▶ YOUR OBJECTIVE: Using the data below, print exactly the line with "Tamiya - Rough", the line with "צילום מיקרוסקופי של", and every line between them, but none of the pictures.

▶ DATASET ENTRIES:
--- --- ---

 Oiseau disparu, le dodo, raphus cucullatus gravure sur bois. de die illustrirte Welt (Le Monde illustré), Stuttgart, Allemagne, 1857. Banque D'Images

--- --- ---

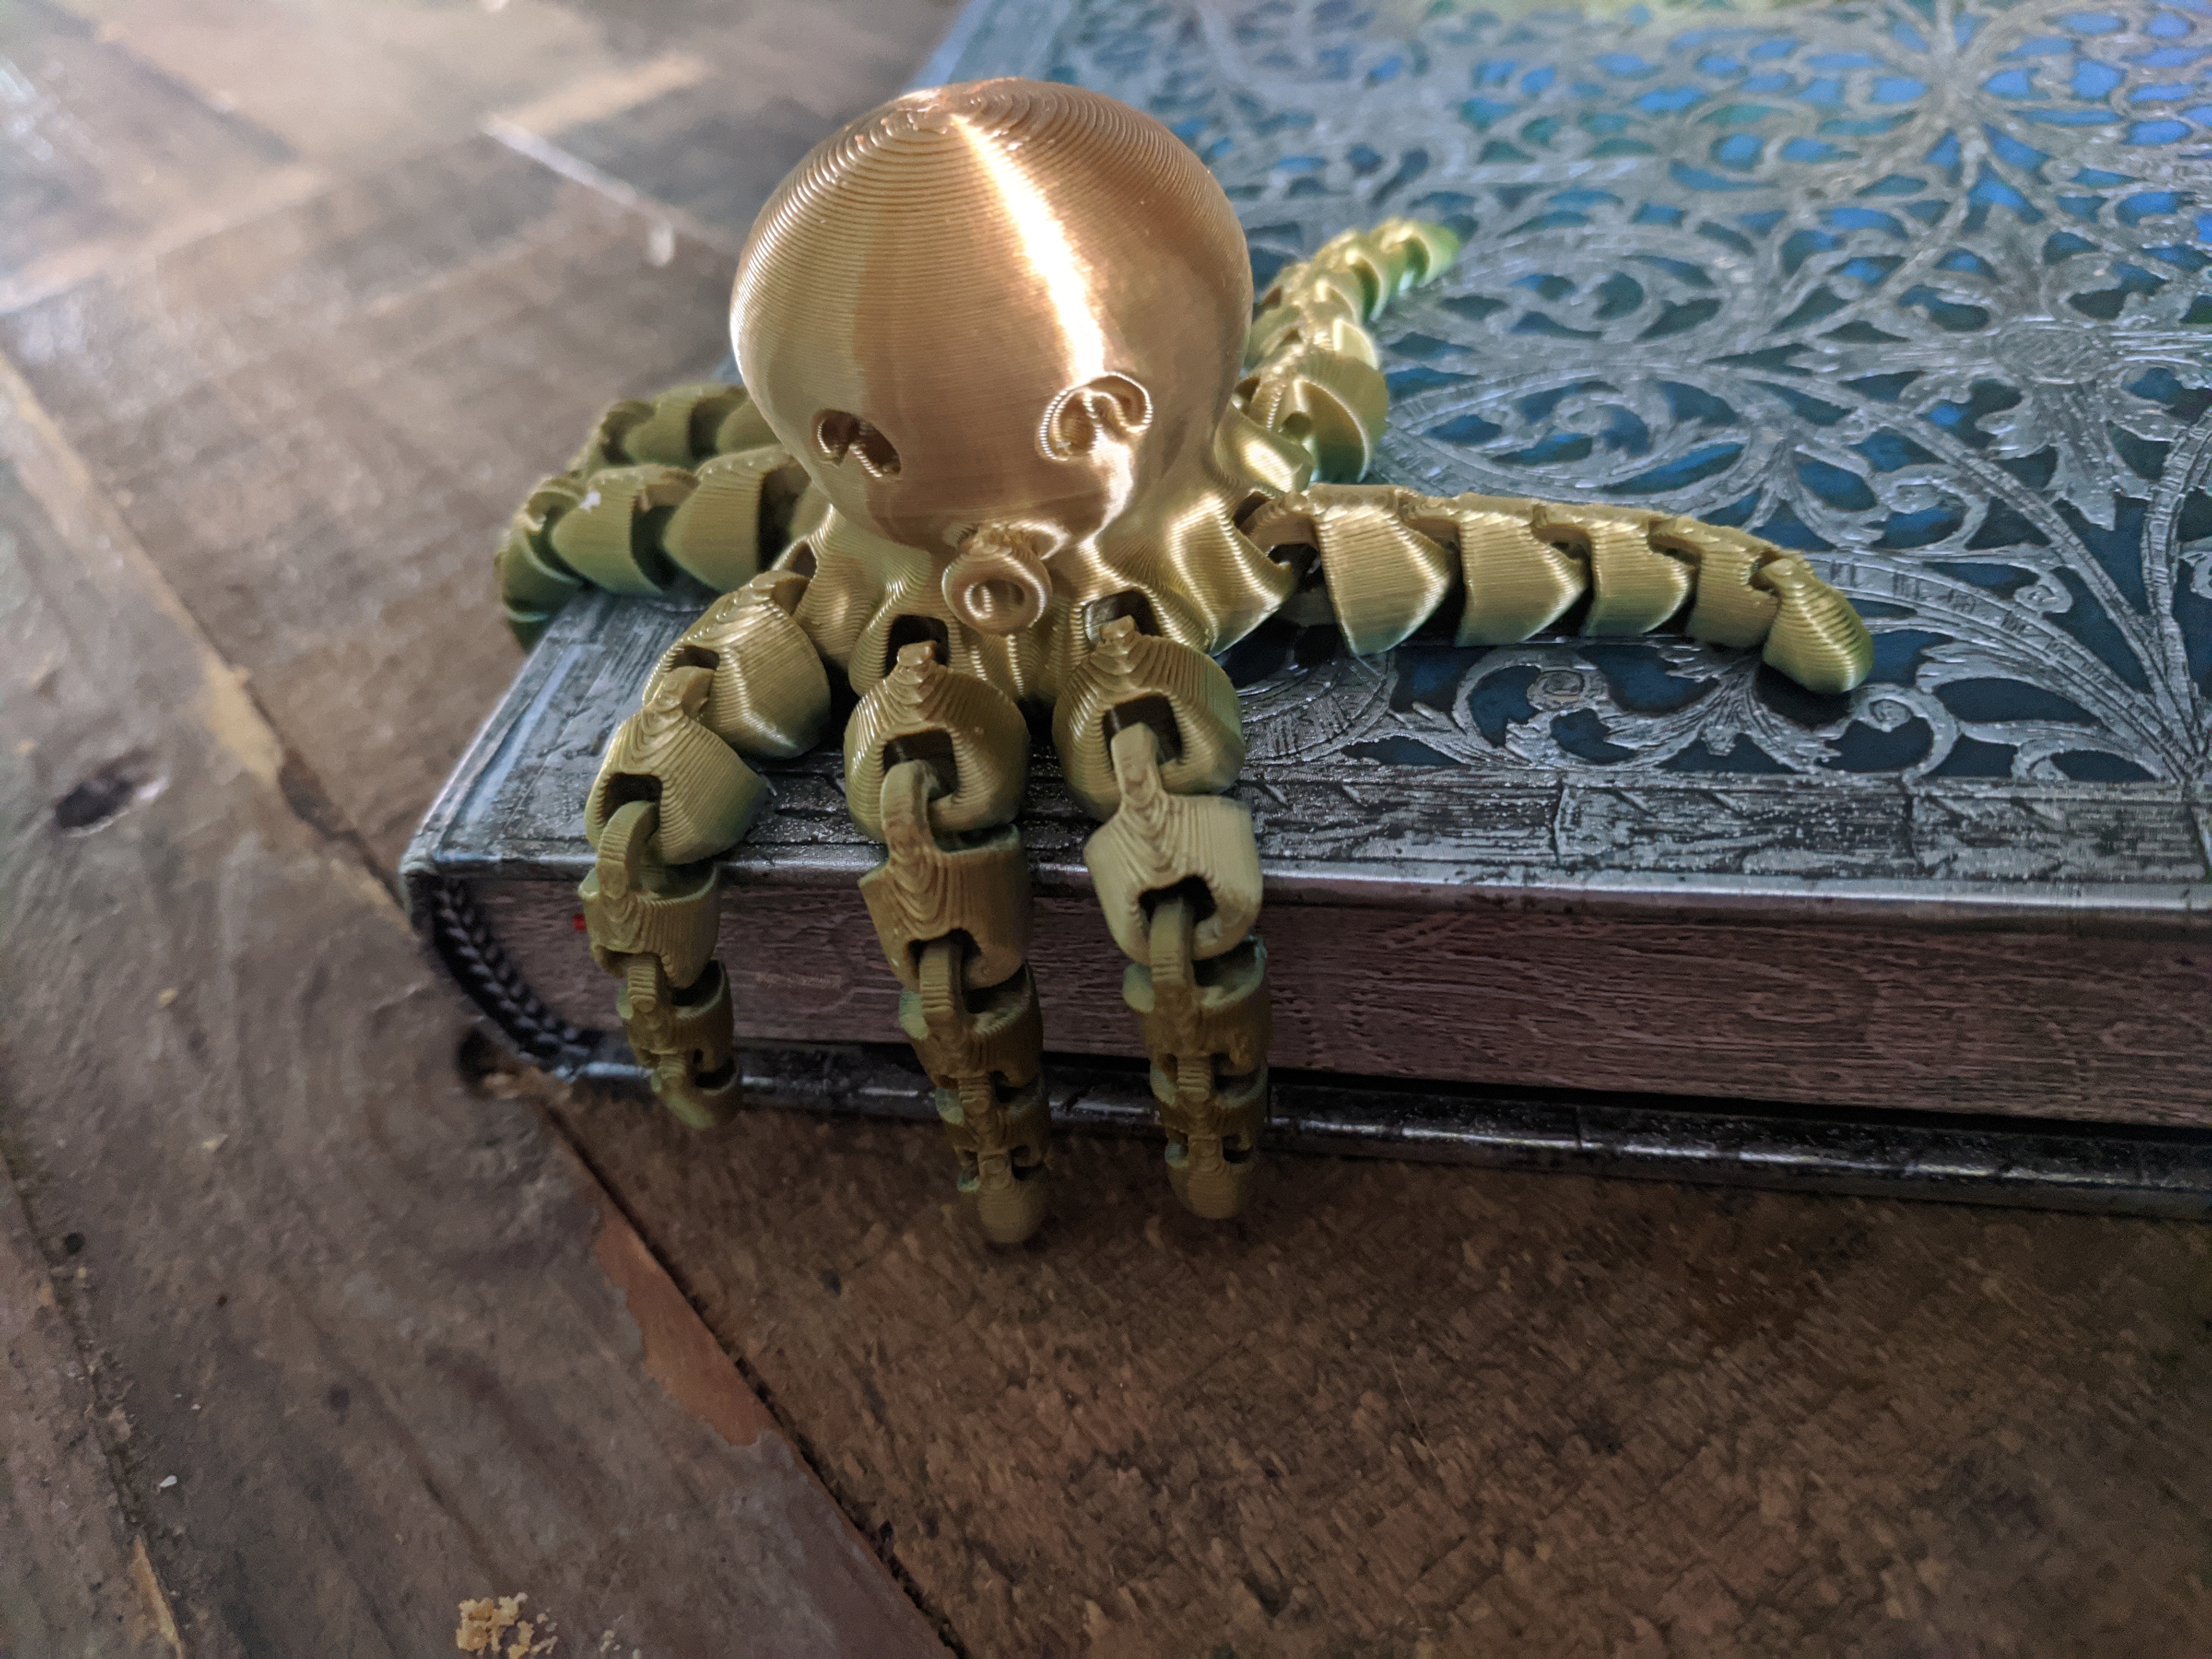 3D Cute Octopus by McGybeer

--- --- ---

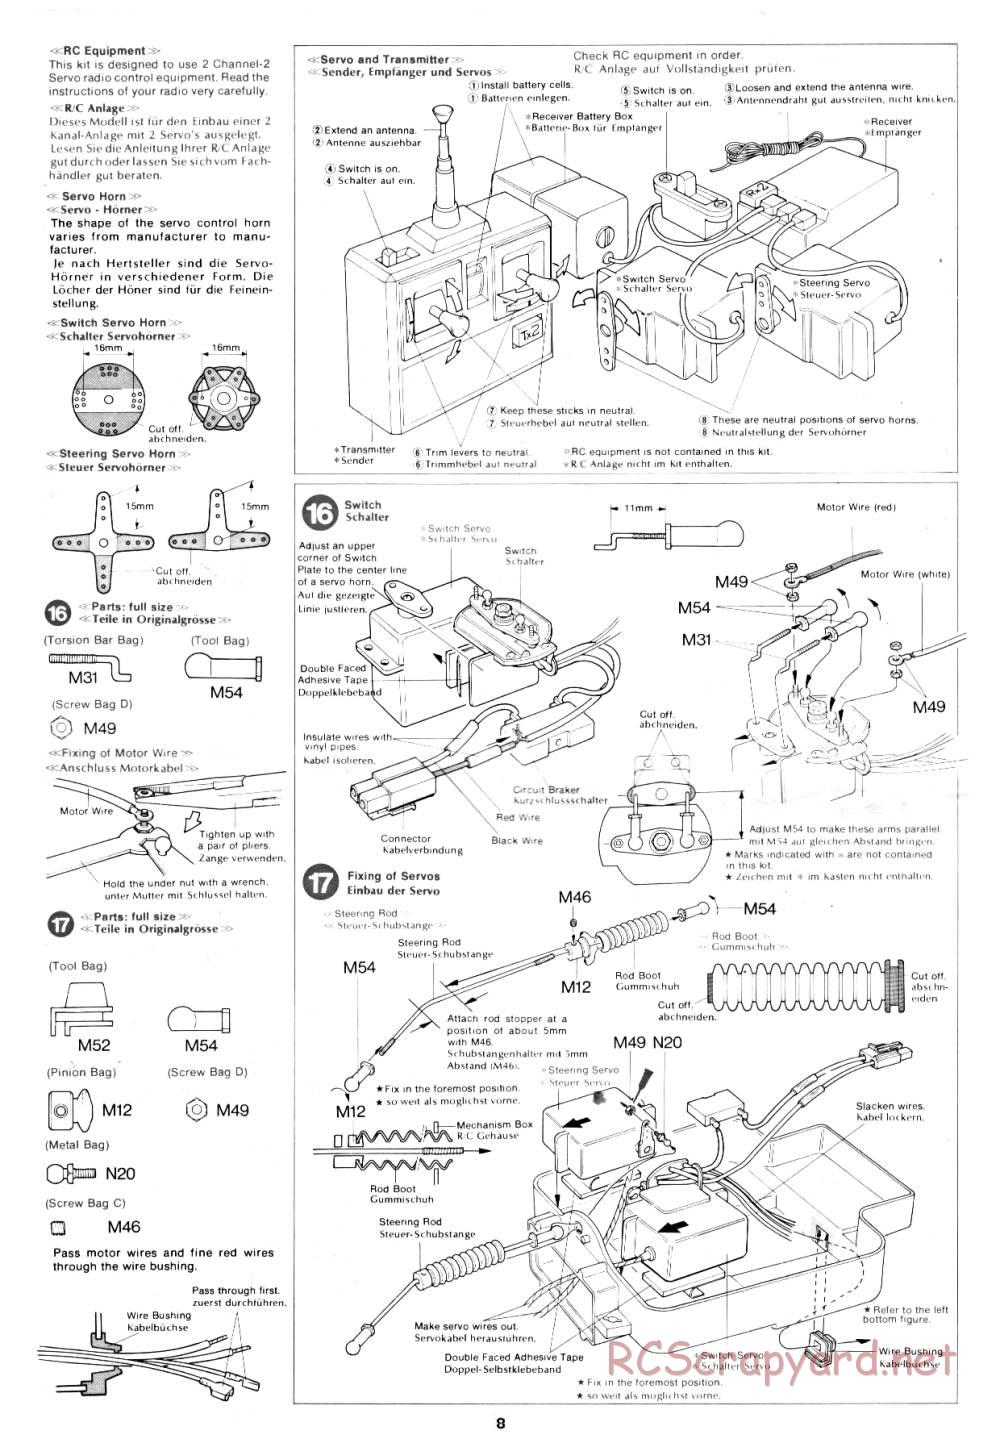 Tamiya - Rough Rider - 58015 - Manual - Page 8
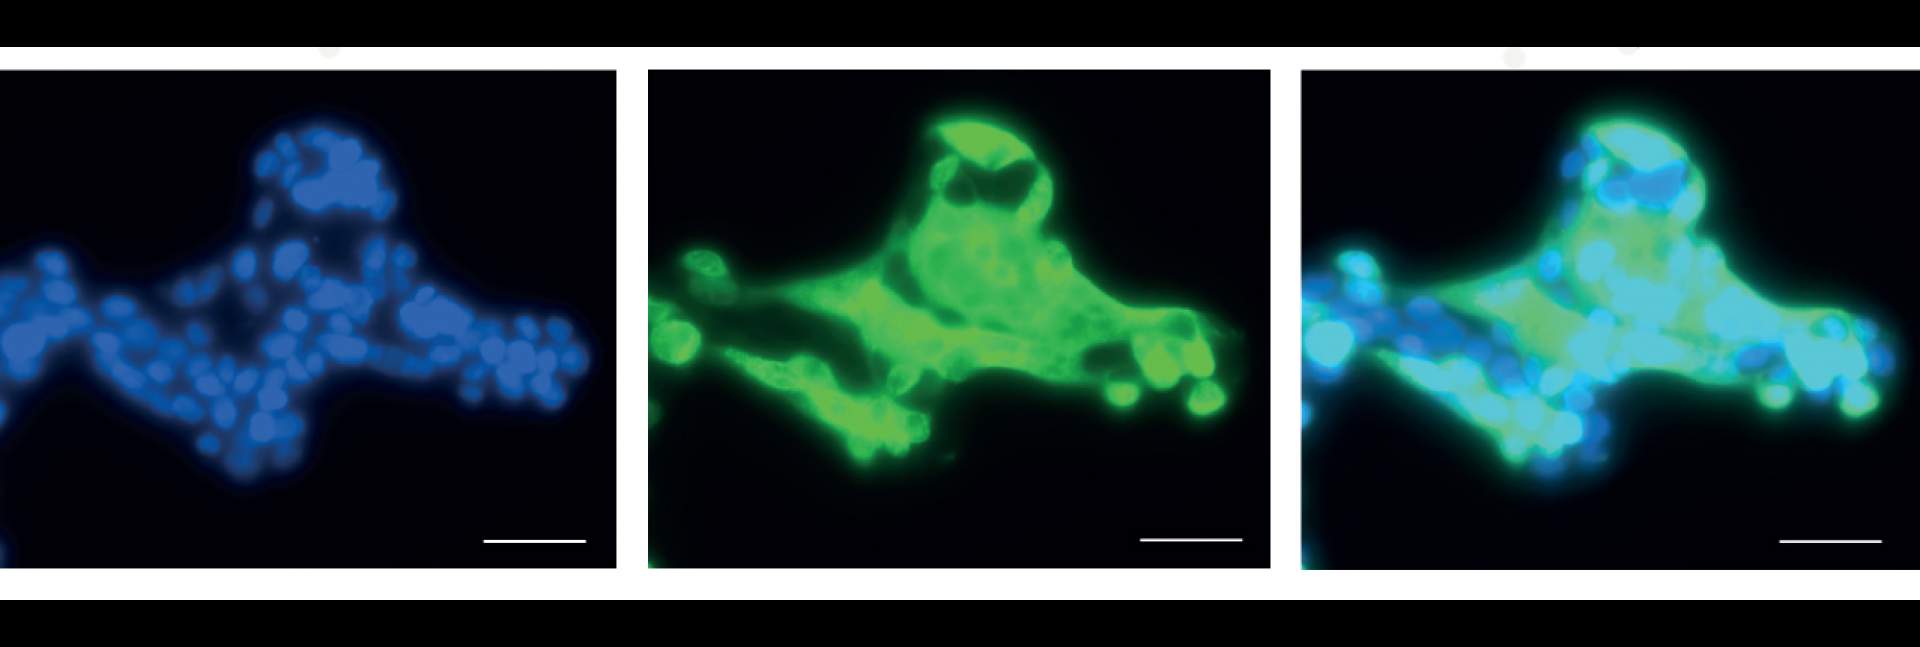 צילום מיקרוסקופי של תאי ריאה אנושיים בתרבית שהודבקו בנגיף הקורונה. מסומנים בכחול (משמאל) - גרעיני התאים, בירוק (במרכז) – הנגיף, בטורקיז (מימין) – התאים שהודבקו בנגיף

--- --- ---

▶ ANSWER BOX:
 Tamiya - Rough Rider - 58015 - Manual - Page 8
 צילום מיקרוסקופי של תאי ריאה אנושיים בתרבית שהודבקו בנגיף הקורונה. מסומנים בכחול (משמאל) - גרעיני התאים, בירוק (במרכז) – הנגיף, בטורקיז (מימין) – התאים שהודבקו בנגיף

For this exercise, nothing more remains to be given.